Tip 5: Only use a chartered or certified financial planner
There are around 33,000 regulated independent financial advisers in the UK. But only around 6000 of those are genuine financial planners. This is a crucial distinction. Proper financial planning offers far more value than financial advice alone. “The very best qualified financial advisers are chartered or certified financial planners,” writes Lewis. “They have put a lot of effort into being the good guys, and the chances of a bad guy or gal remaining in there is small.”
Tip 6: Insist on paying in pounds, not percentages
Another filter that Paul Lewis recommends you apply when choosing an adviser is to pick one who charges you in pounds. “Many advisers,” he writes, “will want to charge you a percentage of your money.

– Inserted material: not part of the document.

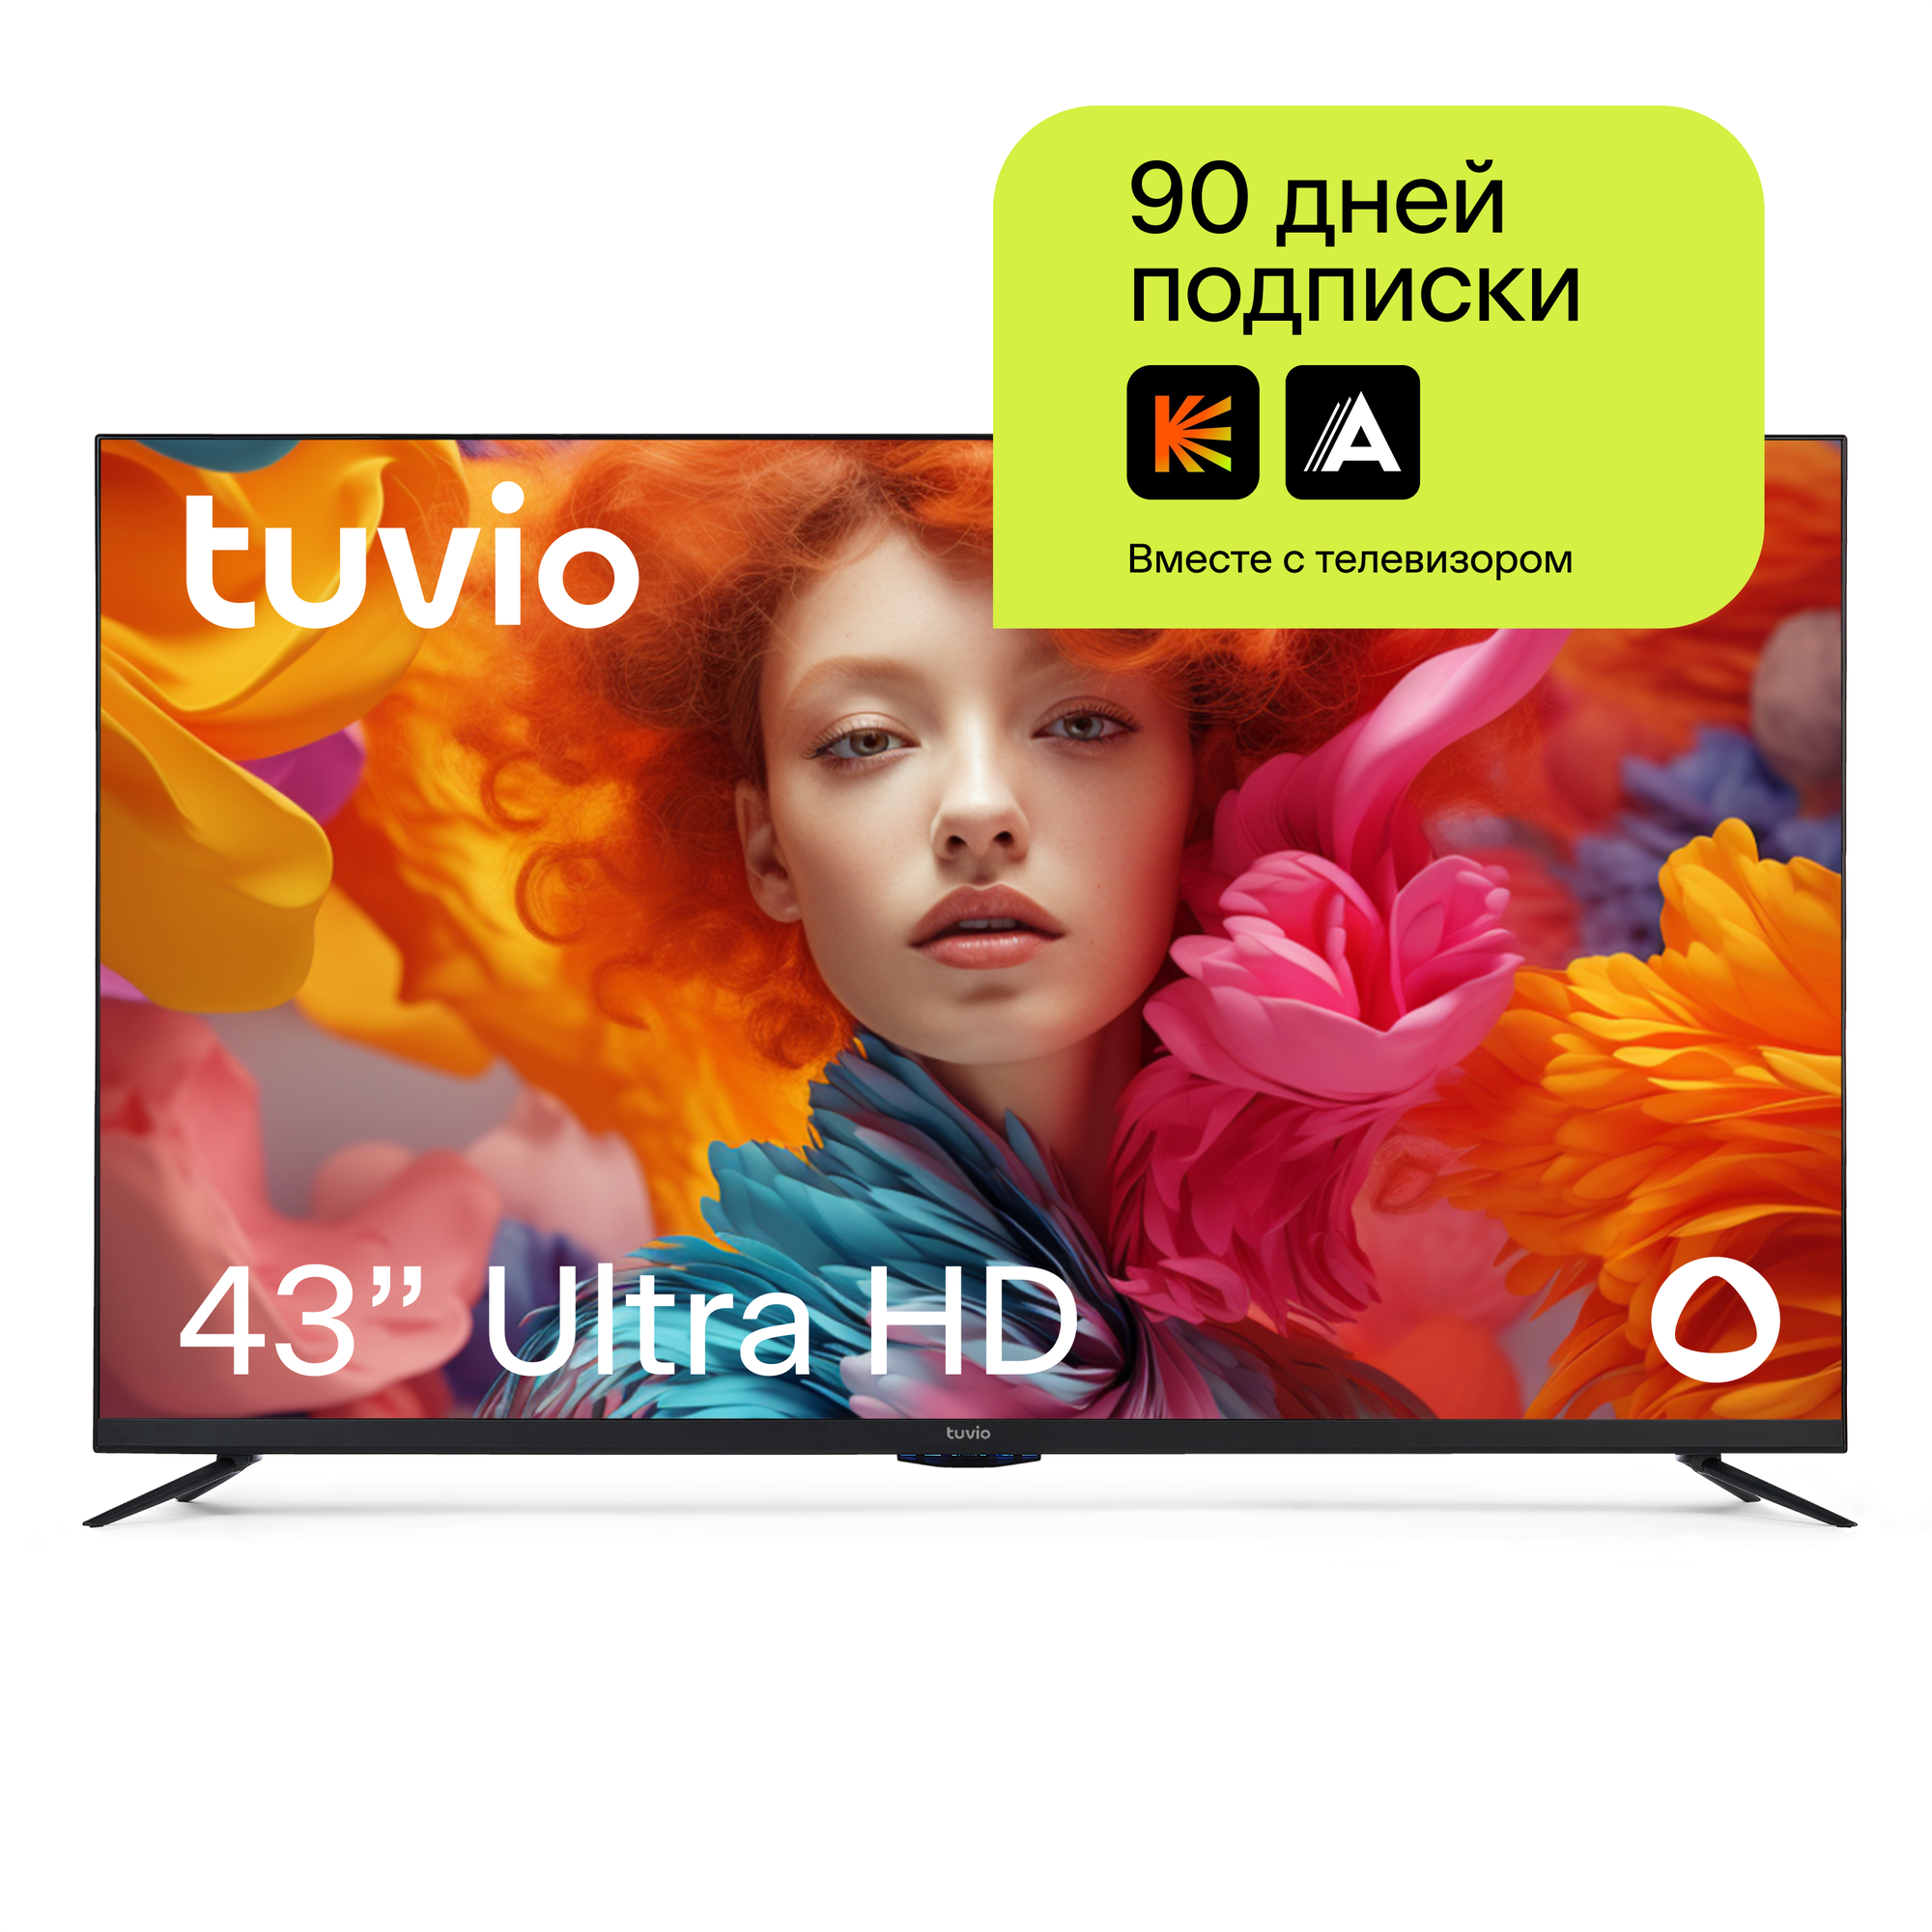 43” Телевизор Tuvio 4К ULTRA HD DLED на платформе YaOS черный

Charging a percentage is like taxing your wealth. Drip, drip, every year some of your wealth becomes theirs.” The answer, he says, is to pay a specific, fixed amount, whether it’s for a one-off service or for ongoing help and advice.
Tip 7: Consult online directories — but exercise caution
There are several online directories designed for those who want help finding a financial adviser. Some directories are better than others. Advisers may pay to be listed, and, in the past, they could pay for higher positions. That should not happen now, but it’s something you should be aware of. There are three directories which Lewis recommends using to draw up a shortlist. The first is AdviserBook, which he suggests as your starting-point; the second is Unbiased, the oldest directory, which lists more than 18,000 advisers; and the third is a newer database called VouchedFor.
Tip 8: Disregard firms without a good website
Once you have a shortlist, Paul Lewis recommends that you carefully check each firm’s online presence, and discount any firm that either doesn’t have a website or whose site doesn’t provide the information you need. “Ignore the slick sales patter, which usually reads as though it is generated by a PR machine,” he writes. “The key question is: does it tell you what they charge?” If a site doesn’t give specific figures, “your first question when you meet them should be about charges and costs. If the answer is anything but clear, that is a warning flag.”
Filter, filter, filter
In summary, finding a suitable adviser you can really trust is a minefield. Even if you follow all eight of these rules when choosing an adviser, there is no guarantee that you’ll be entirely happy with the choice you make.
The key, says Paul Lewis, is to apply appropriate filters. Are they regulated by the FCA? Are they truly independent? Are they chartered or certified financial planners? Are they totally transparent about how much you’ll have to pay? And do they charge fixed fees, in pounds, rather than percentages?
Choose a firm that ticks all of those boxes and you should be all right.
Money Box by Paul Lewis is published by Penguin Books.